Adana Baro Başkanı Avukat Mengücek Gazi Çıtırık, Türkiye'nin nükleer enerji santrallerine ihtiyacı olmadığını belirterek, Mersin'de kurulacak santralin tüm bölge için tehlike oluşturacağını vurguladı.

Nükleer Karşıtı Platformu üyeleri, Adana Barosu’nu ziyaret etti. Ziyarete Adana Çevre Platformu Sözcüsü Yaşar Gökoğlu, Çukurova Üniversitesi Tıp Fakültesi Öğretim Üyesi Doç. Dr. Hilmi Serdar İskit, Elektrik Mühendisleri Odası Adana Şubesi'nden (EMO) Önder Mert ve Adana Barosu Çevre Komisyonu Başkanı Av. Ümit Arif Özsoy katıldı.

Ziyarette bir açıklama yapan Baro Başkanı Avukat Gazi Mengücek Çıtırık, Türkiye'nin alternatif enerji kaynaklarını değerlendiremediğini, bu yönde politika geliştirilmediğini söyledi.
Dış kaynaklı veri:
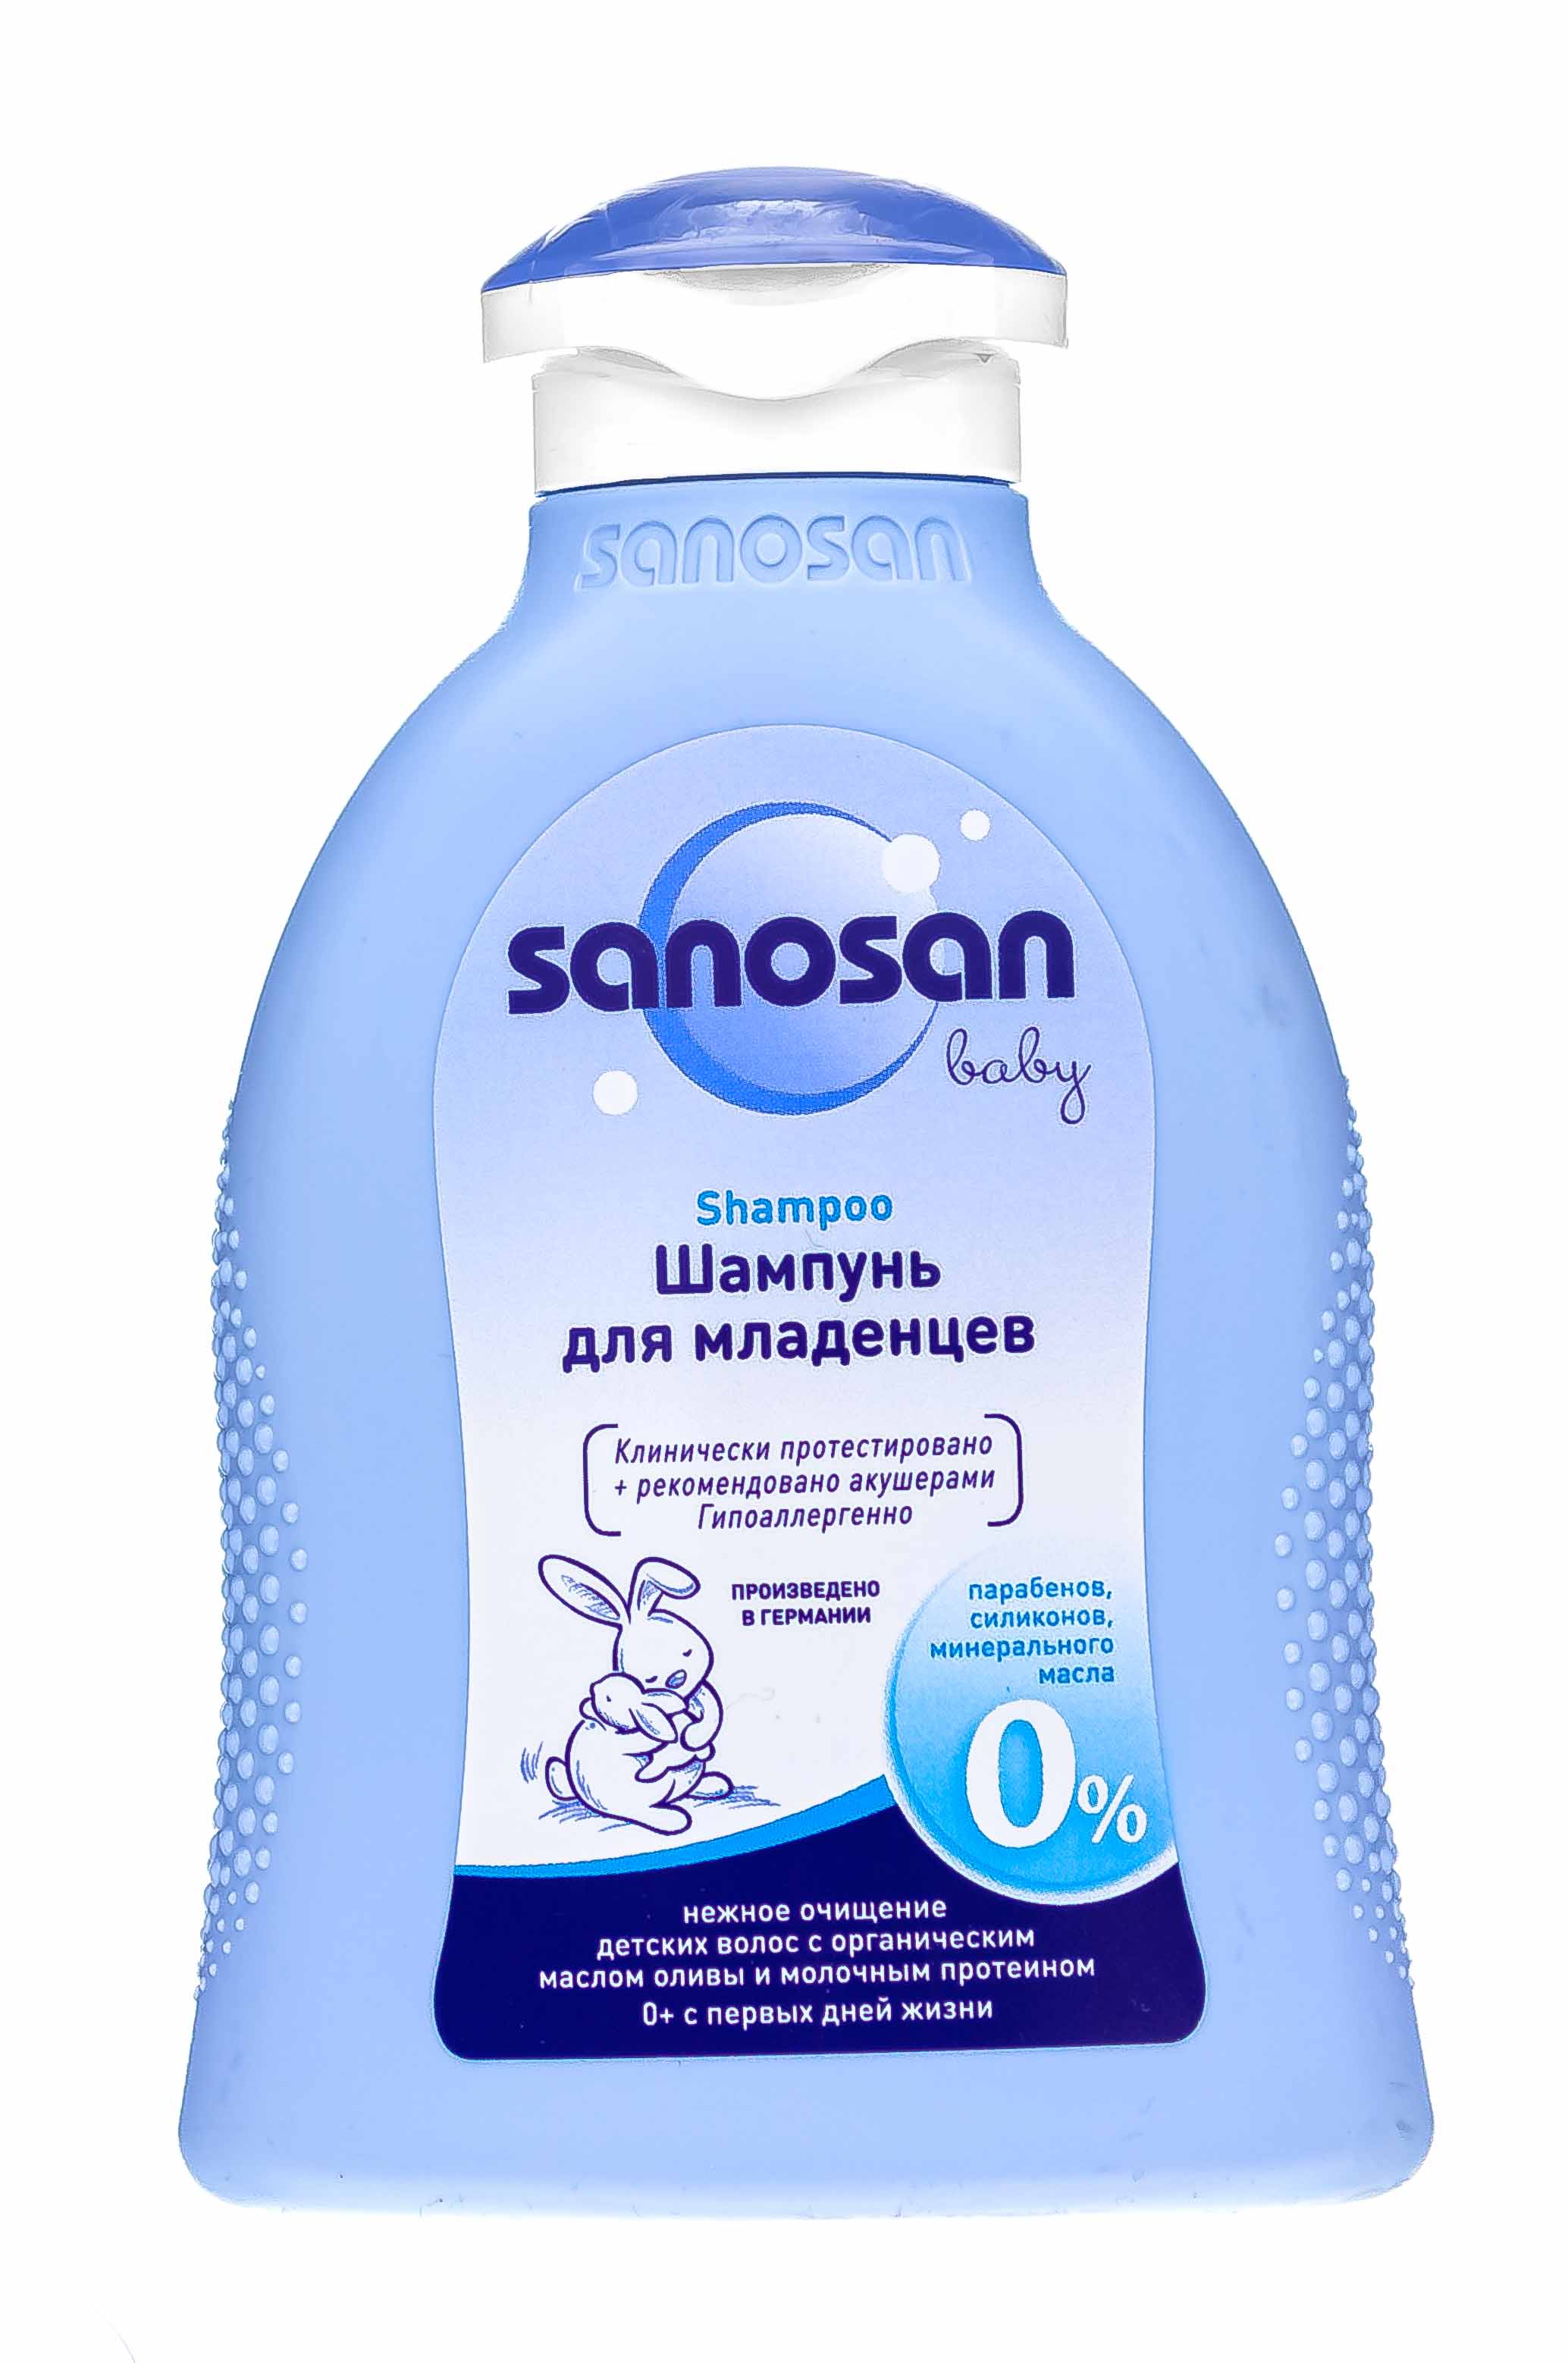 Sanosan Шампунь для младенцев, 200 мл (Sanosan, Умывание)
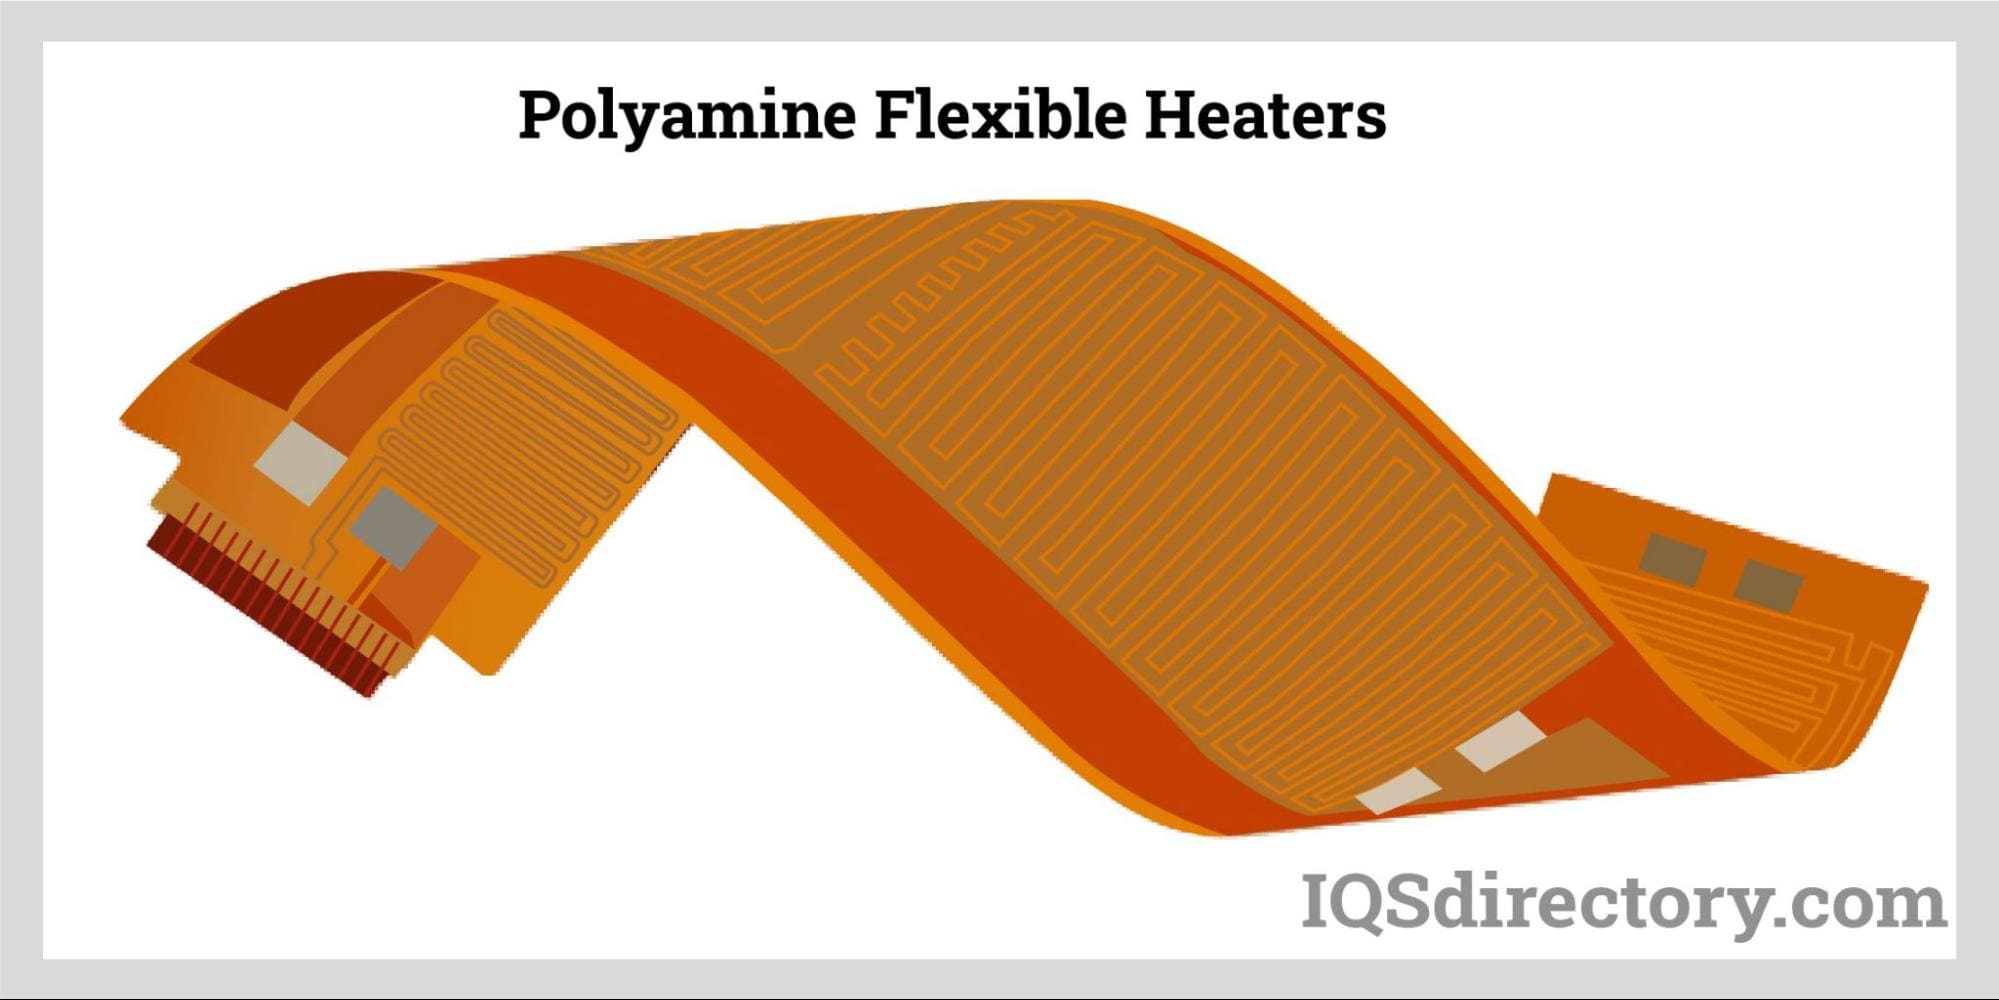 Polyamine Flexible Heaters

Türkiye'nin nükleer enerji santrallerine ihtiyacı olmadığını, nükleer enerjinin geçmişte ve son olarak Japonya'da yaşanan kazalarla insanlığı tehdit ettiğini ifade eden Çıtırık, Mersin'de kurulacak santralin tüm bölge için tehlike oluşturacağını dile getirdi.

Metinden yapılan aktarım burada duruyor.